Students are focusing on two speeches – the dramatically short Gettysburg Address in 1863 and his Second Inaugural Address.

Lincoln’s 200th birthday, Sementi said, is “a wonderful opportunity to get our kids down into the Fox theater,” which itself is an important part of city history.

The symphony’s premiere performance of “Letters from Lincoln” elevates Spokane’s bicentennial observance to a national stage. It draws together the work of renowned composer Michael Daugherty with the vocals of Thomas Hampson, a Spokane native and leading opera singer in New York. Music director Eckart Preu chose Daugherty “because his music is rich with cultural and political allusions and bears the stamp of classic modernism.”

At the Chase Gallery at Spokane City Hall, six artists are showing pieces in a study of Lincoln’s legacy, including ink-on-clayboard panels by Whitworth University associate professor Scott Kolbo.

His drawings are taken from famous portraits and photographs of the Civil War era.
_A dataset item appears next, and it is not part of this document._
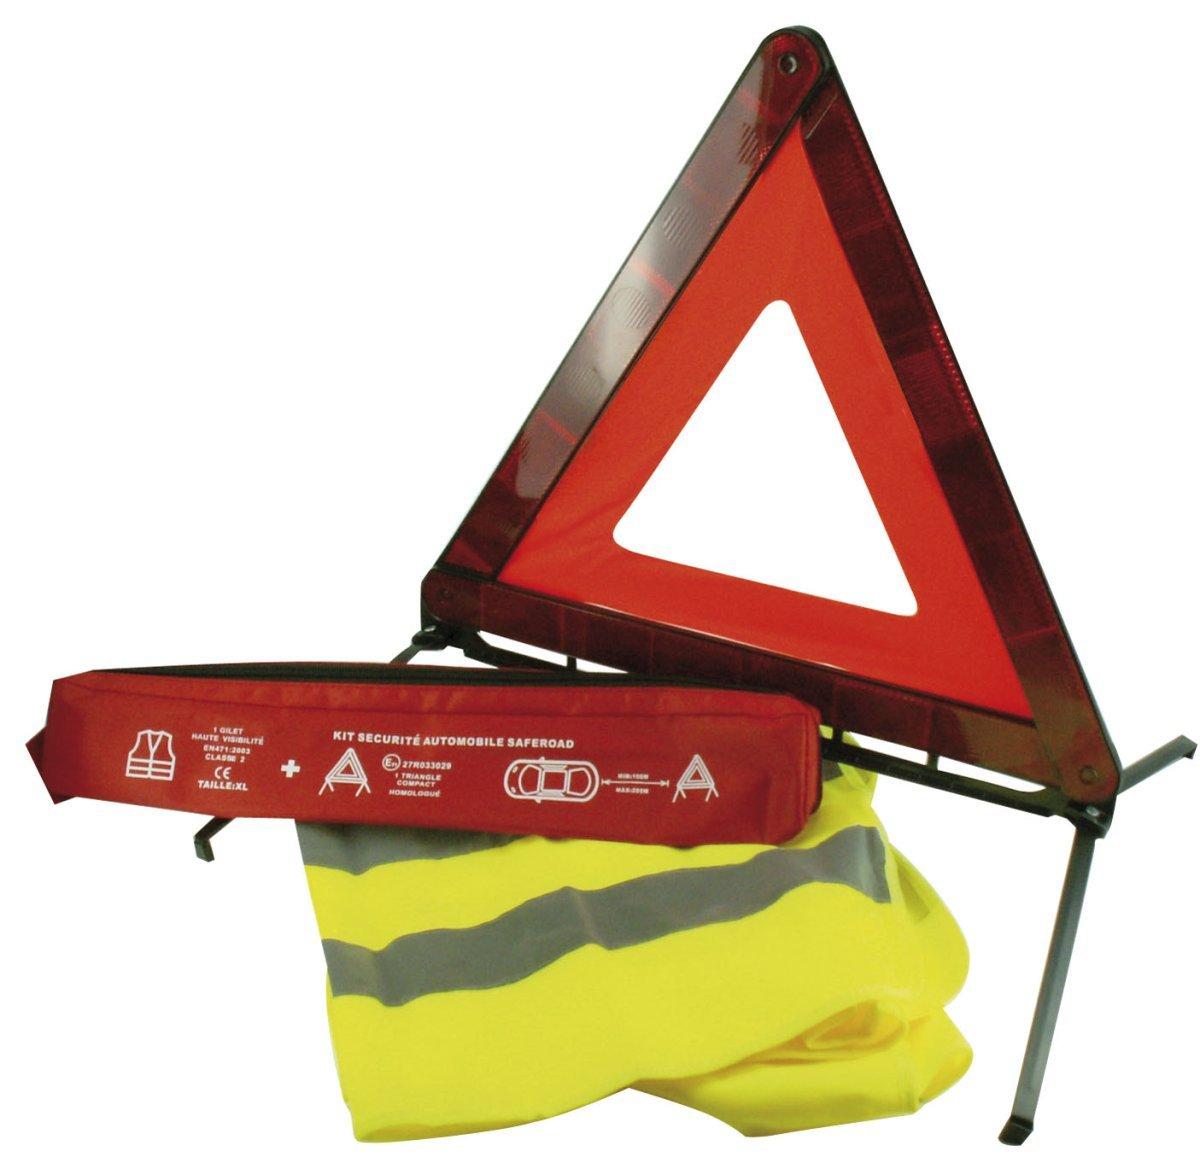 altium 954400 kit triangle gilet homologue eur 16 32 picclick fr. Black Bedroom Furniture Sets. Home Design Ideas

A pair of panels shows the contemplative Lincoln juxtaposed with cotton-picking slaves.

“The country teetered on the brink of falling apart,” Kolbo said. “There was a lot of danger the country was going to split into a million different factions.”

The Gettysburg Address, in particular, showed Lincoln’s humility and grace during the darkness of the Civil War, Kolbo said.

That speech, honoring the Gettysburg battlefield dead, called for “a new birth of freedom” so that a nation “of the people, by the people and for the people shall not perish from the earth.”

Jerrelene Williamson, president of the Northwest Black Pioneers in Spokane, said Lincoln’s leadership “meant new beginning for black people” that has continued with the civil rights movement under Martin Luther King Jr. and the inauguration last month of President Barack Obama as the nation’s first black president.

Former U.S. Rep. George Nethercutt said he’s been studying Lincoln in recent months and considers him the greatest president.

“If the South had prevailed,” he said, “who knows what kind of country we would have been.”